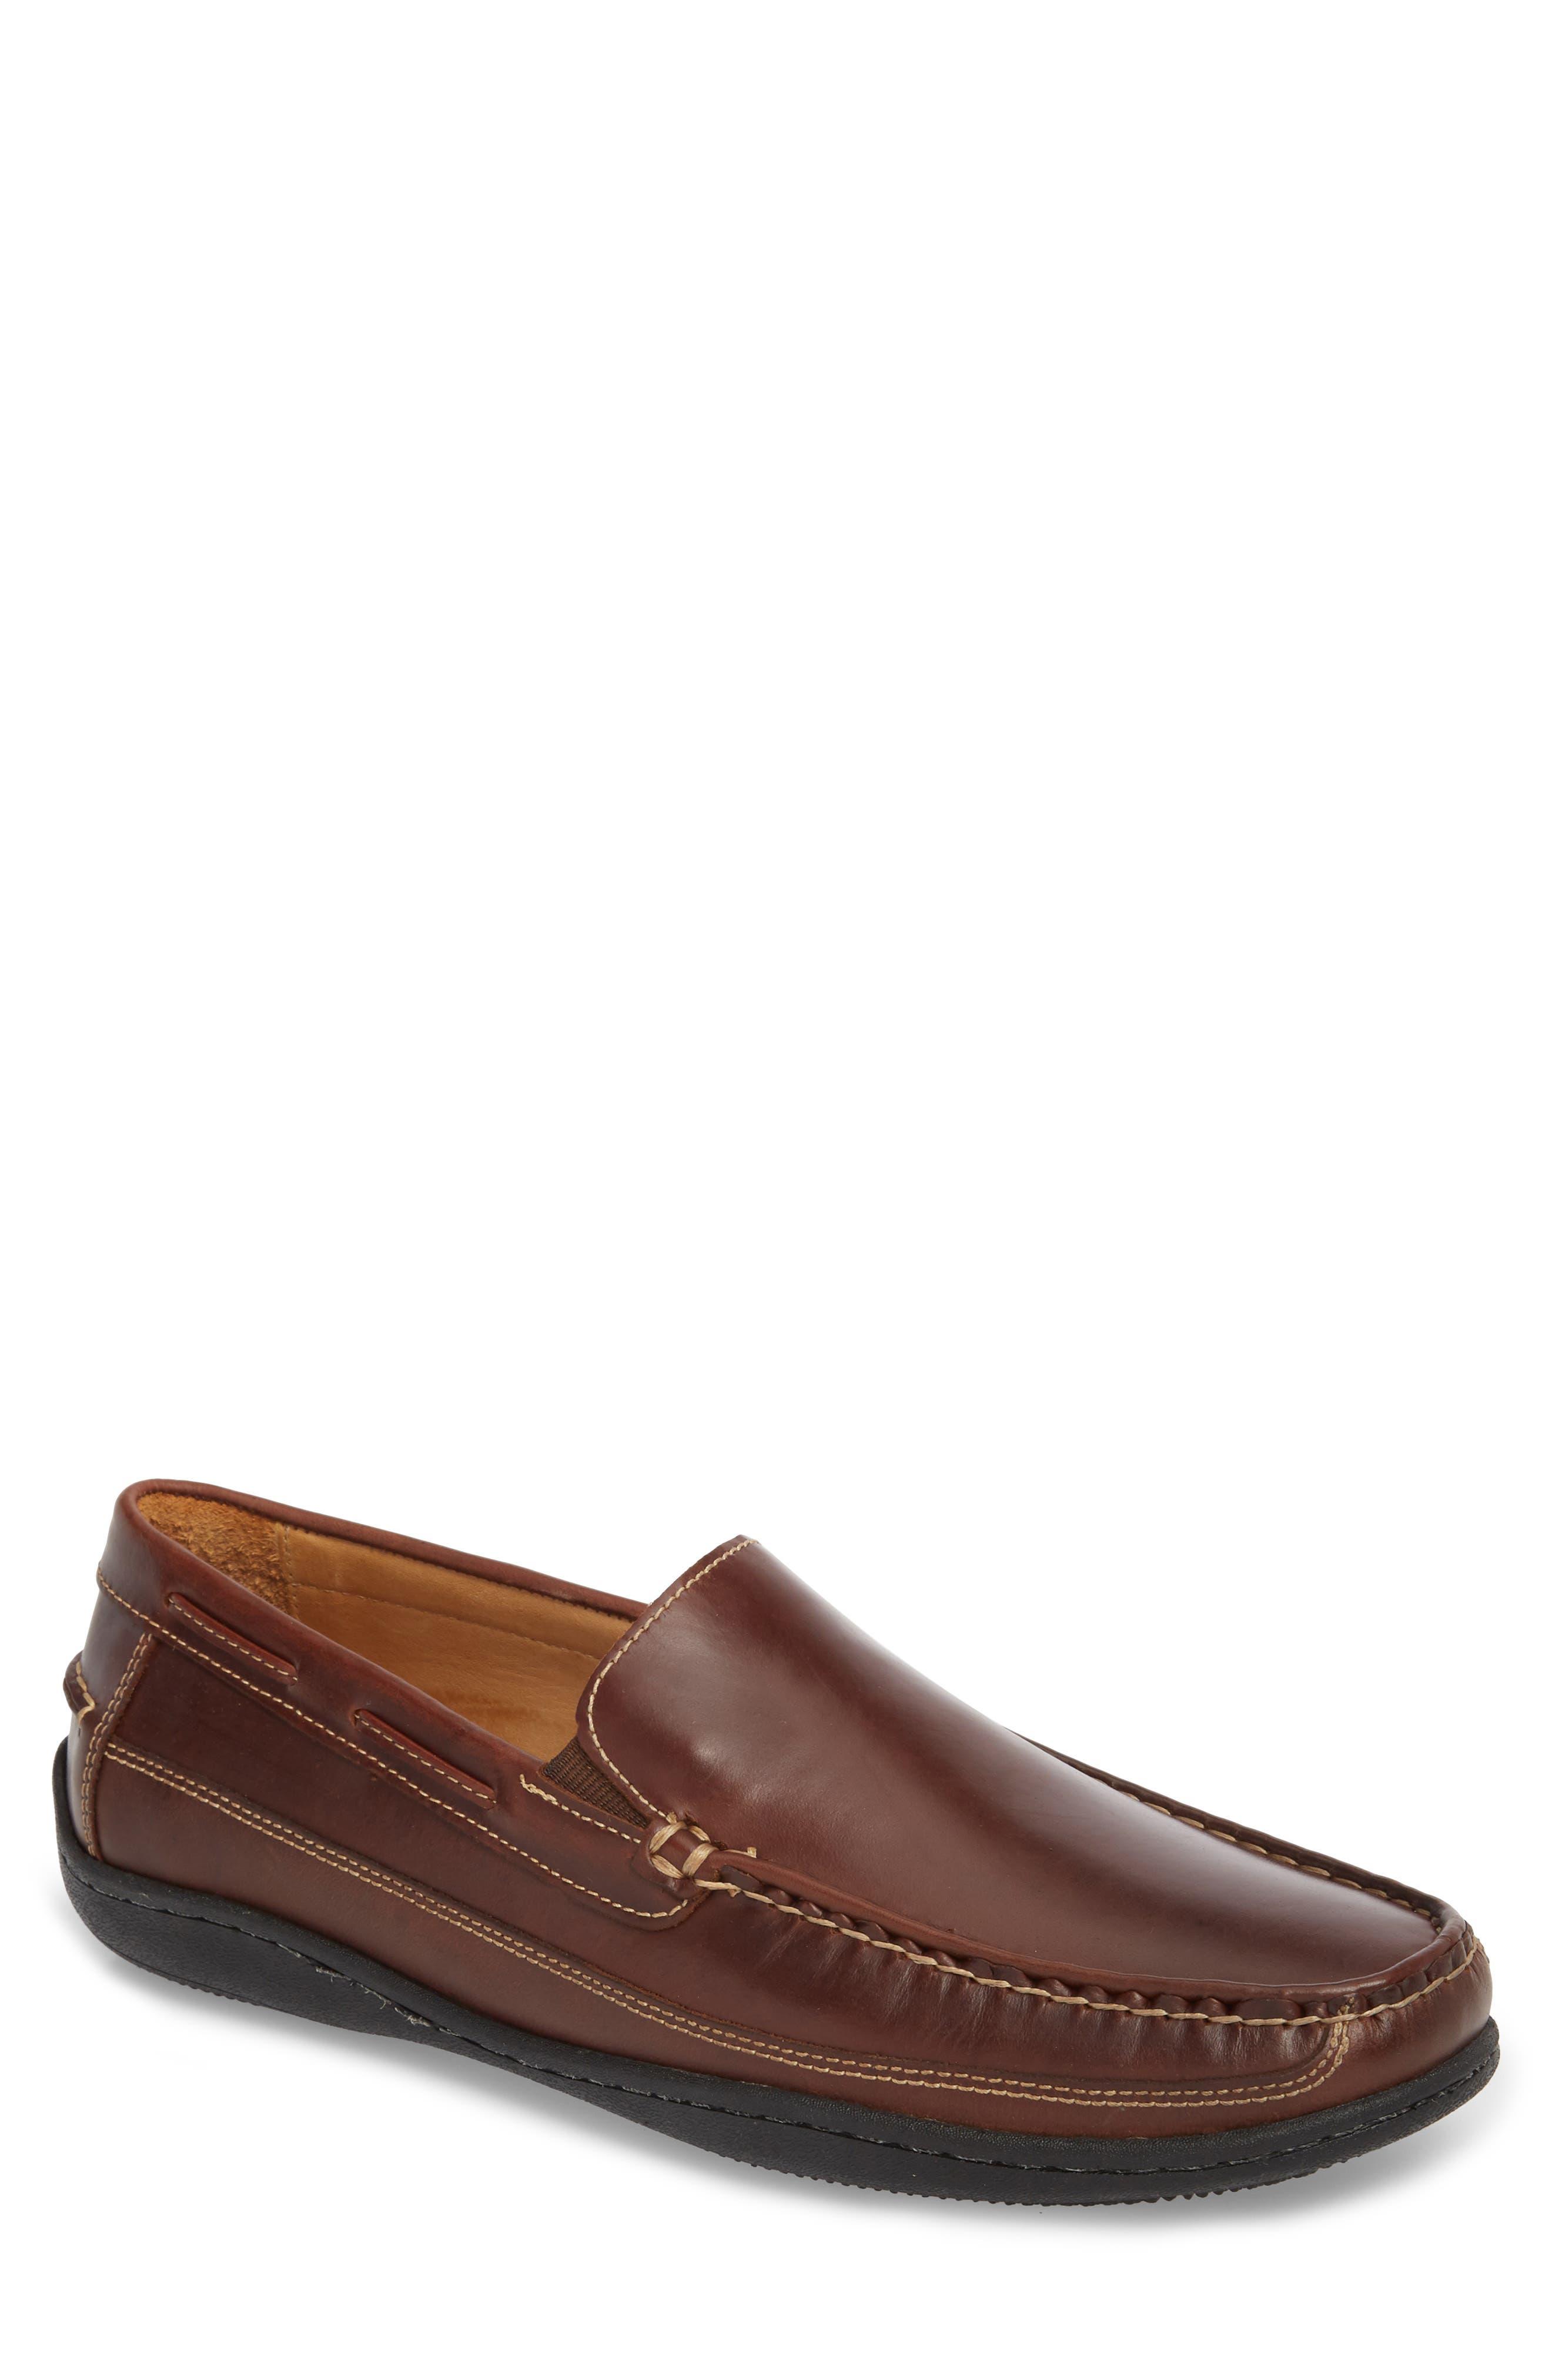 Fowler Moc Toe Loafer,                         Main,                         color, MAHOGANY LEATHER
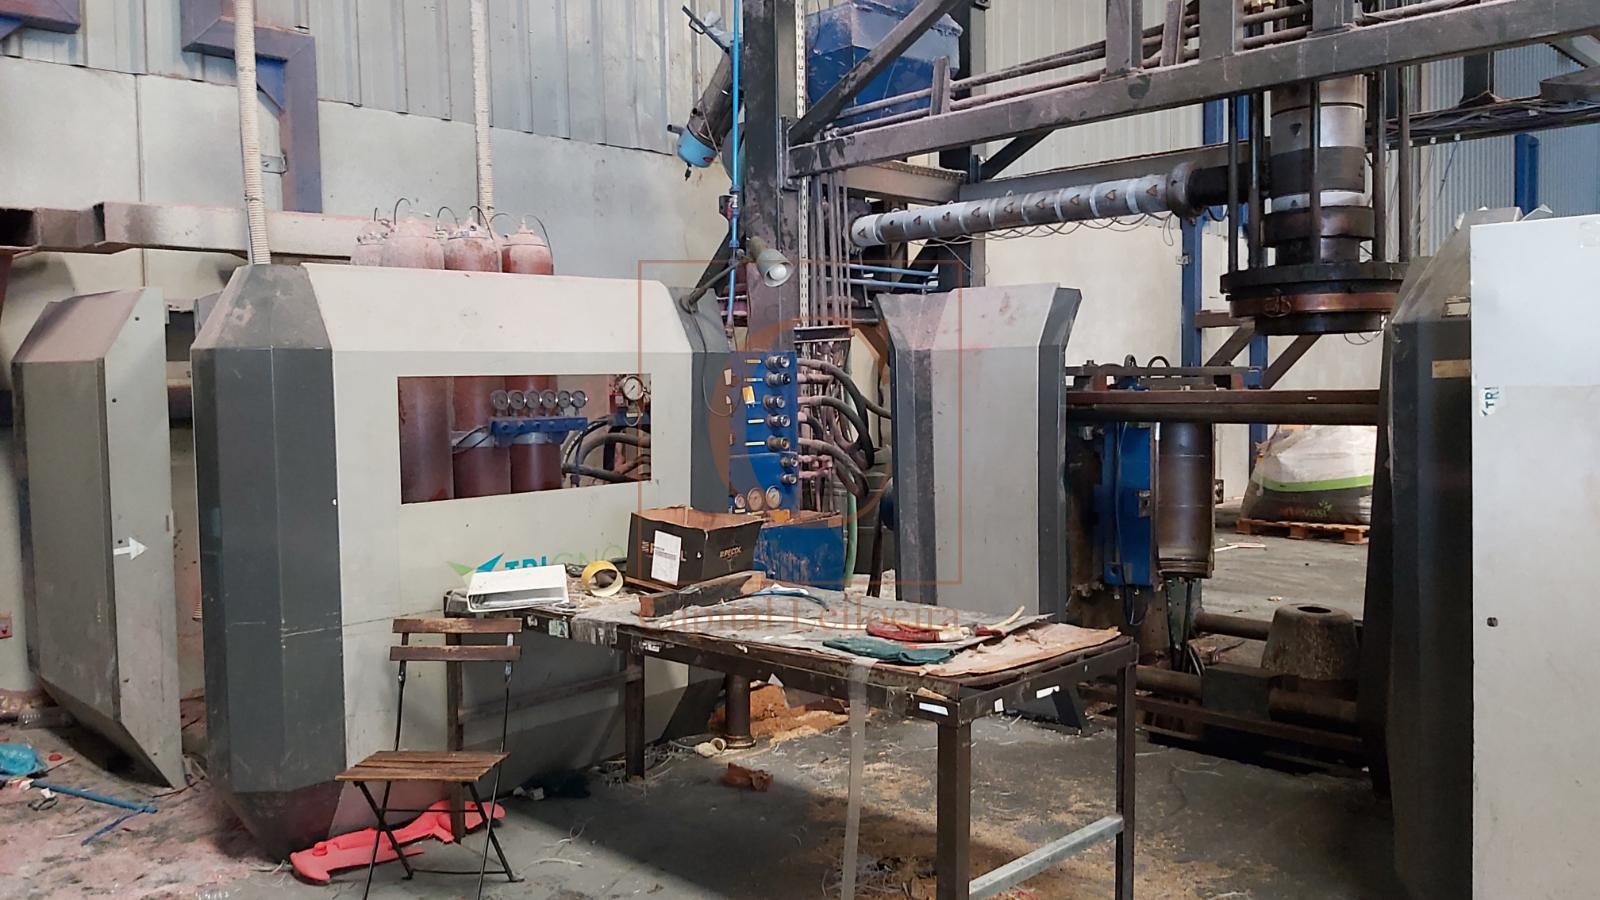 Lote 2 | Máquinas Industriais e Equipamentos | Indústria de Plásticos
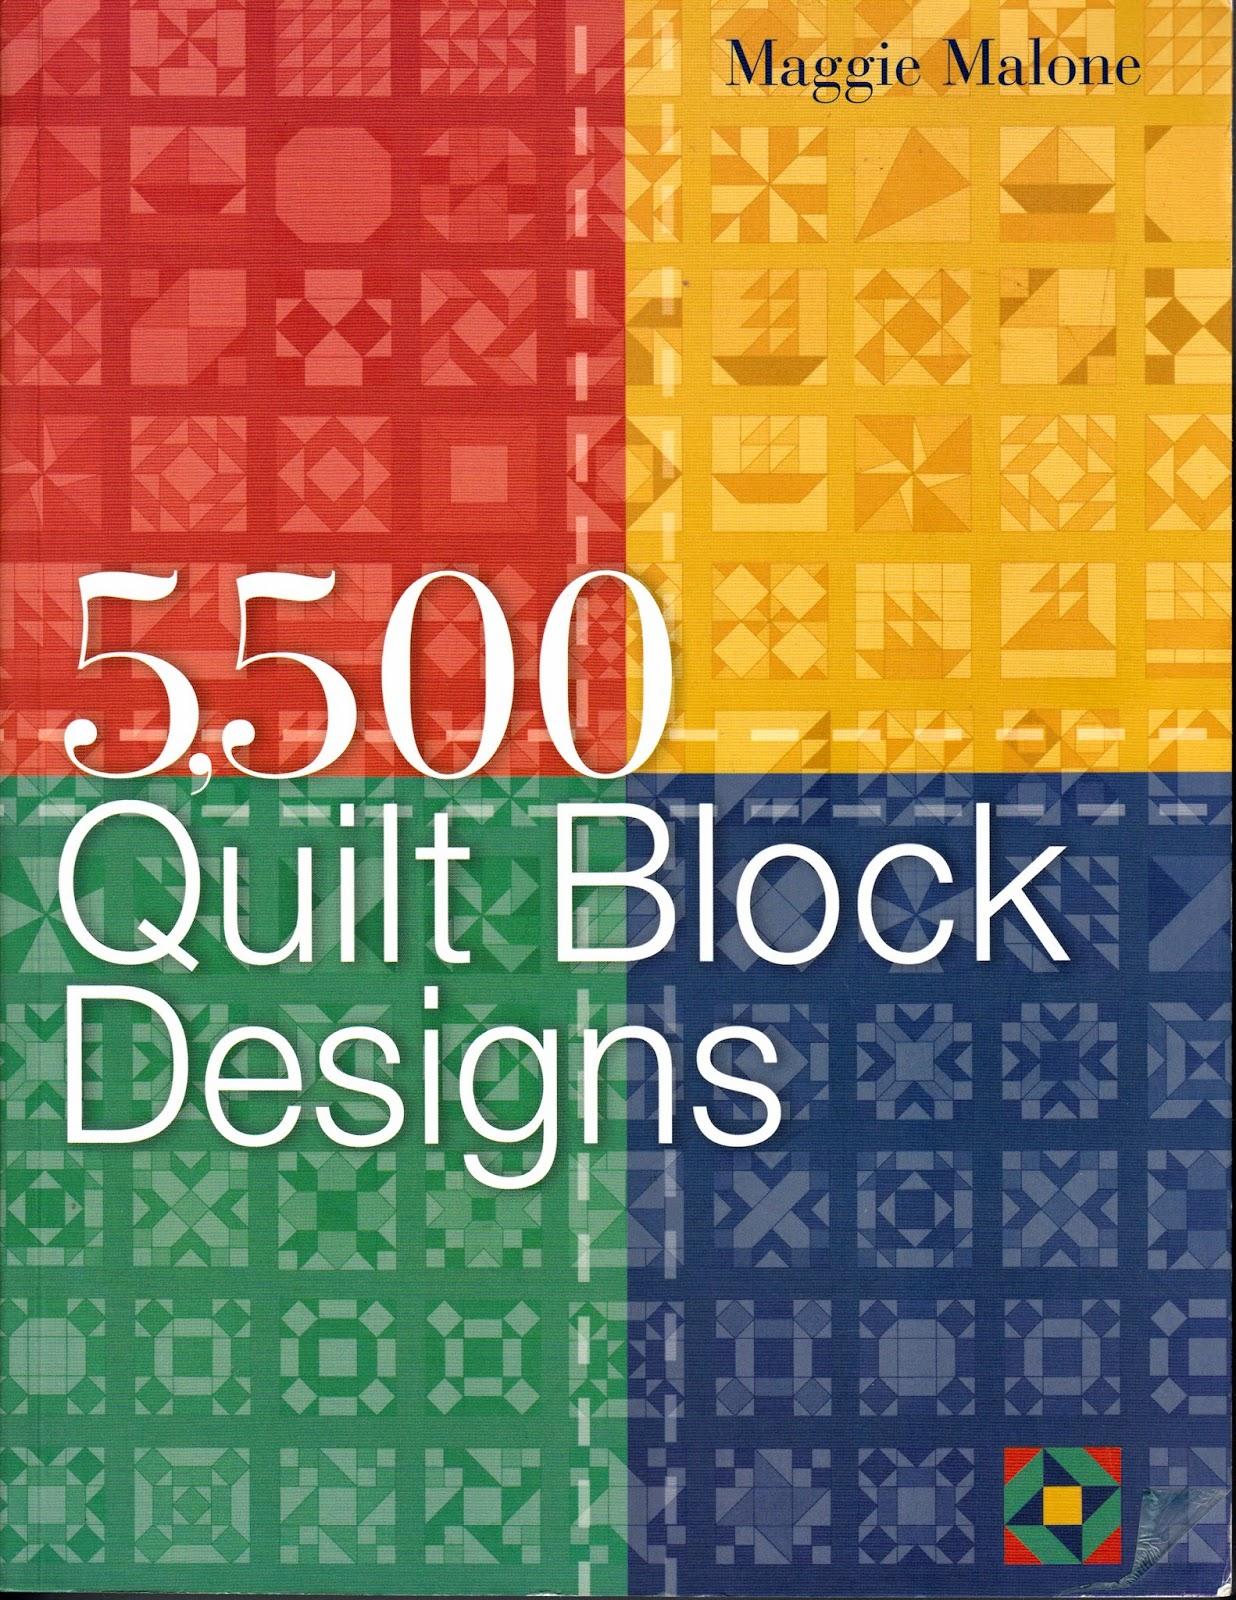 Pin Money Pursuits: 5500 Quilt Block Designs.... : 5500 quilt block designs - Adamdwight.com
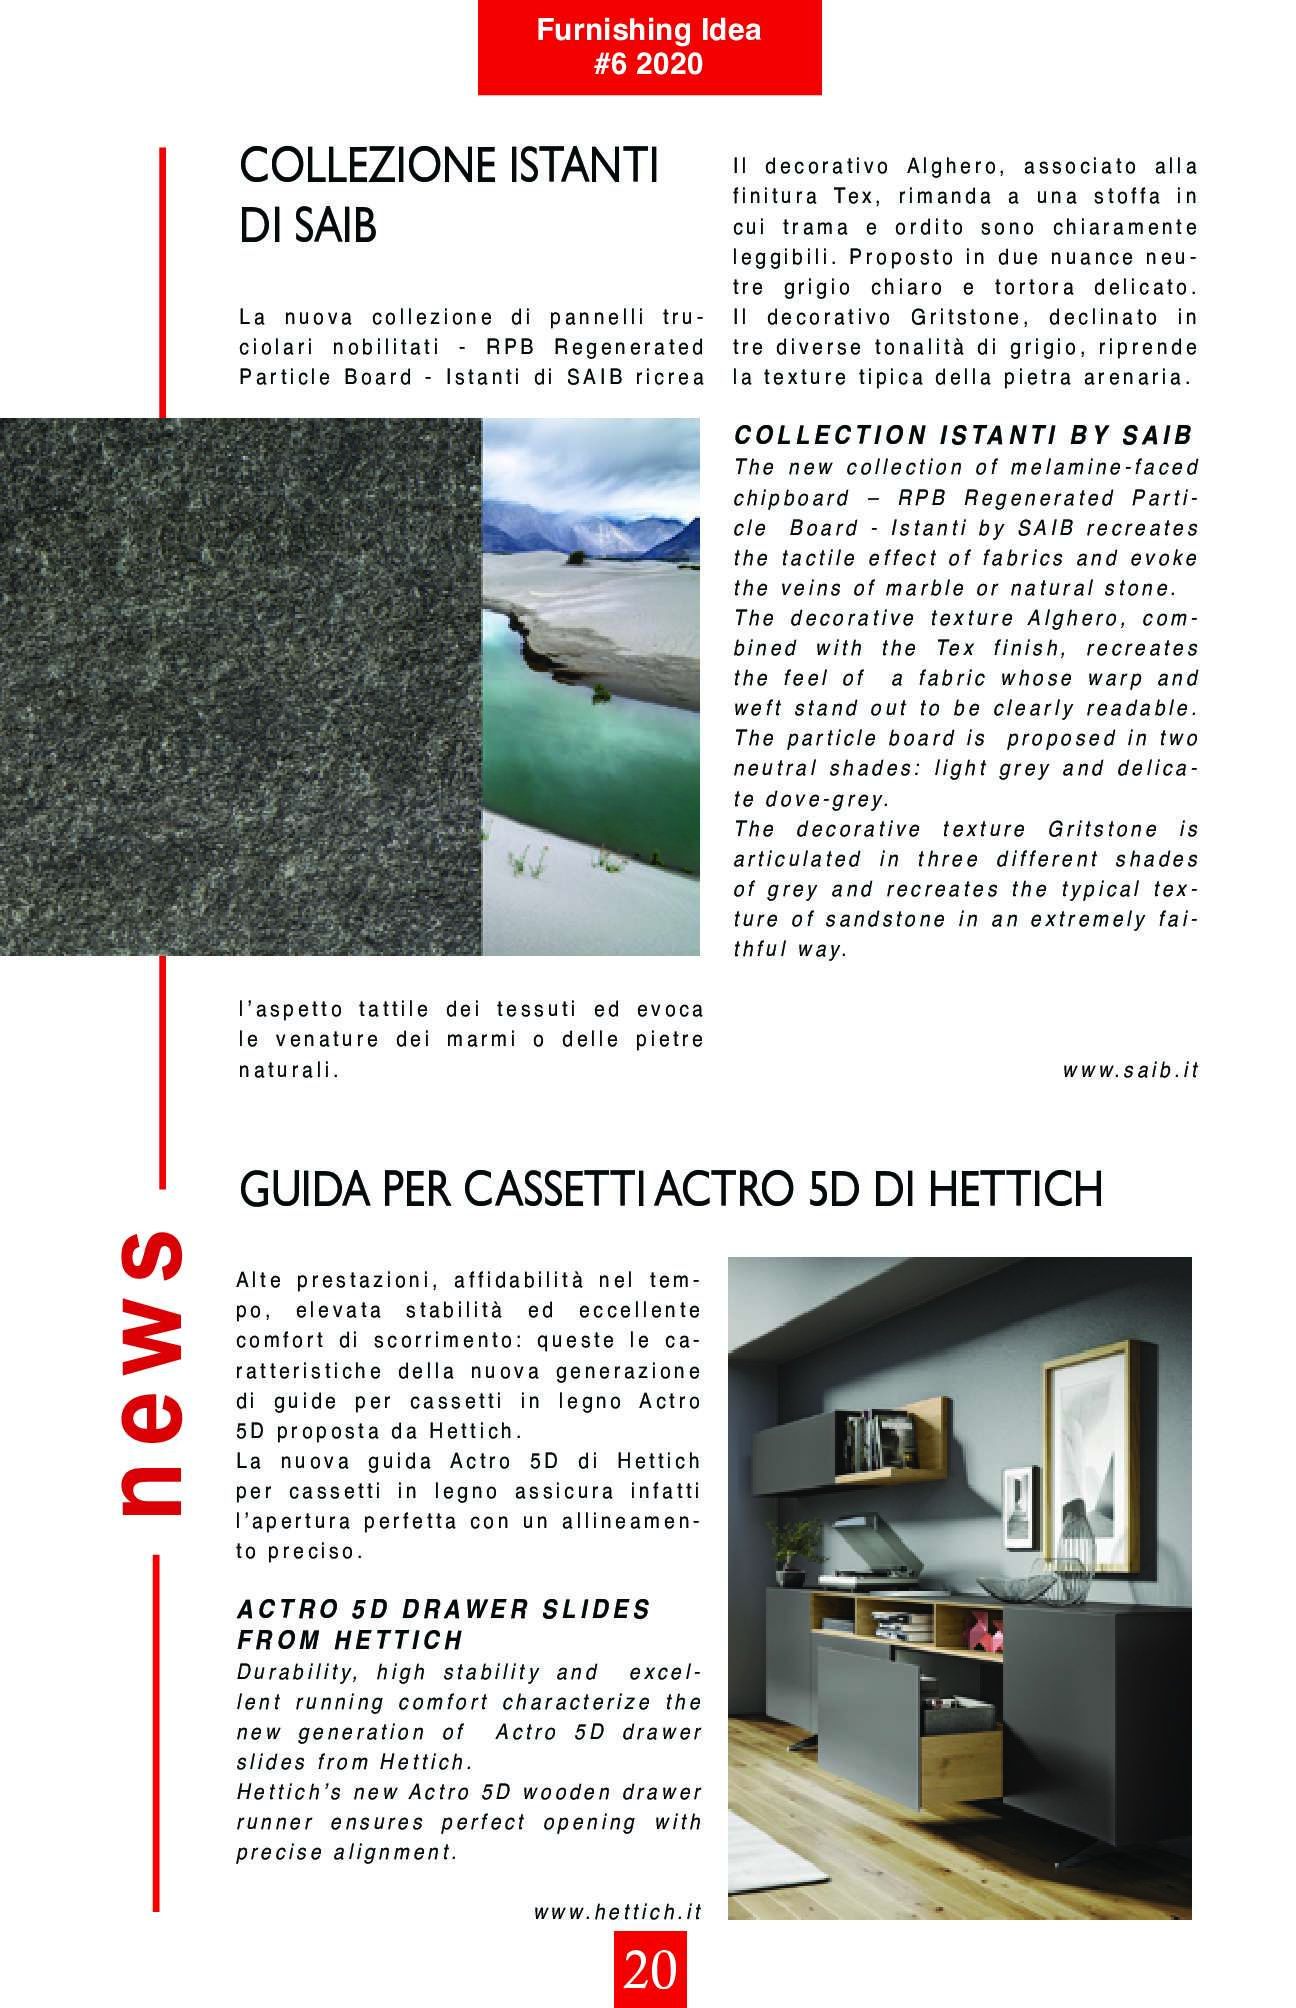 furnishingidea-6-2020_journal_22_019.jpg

Exercise objective
Print verbatim every line above, apart from the pictures.

Reply
 Fowler Moc Toe Loafer,                         Main,                         color, MAHOGANY LEATHER
 Lote 2 | Máquinas Industriais e Equipamentos | Indústria de Plásticos
 Pin Money Pursuits: 5500 Quilt Block Designs.... : 5500 quilt block designs - Adamdwight.com
 furnishingidea-6-2020_journal_22_019.jpg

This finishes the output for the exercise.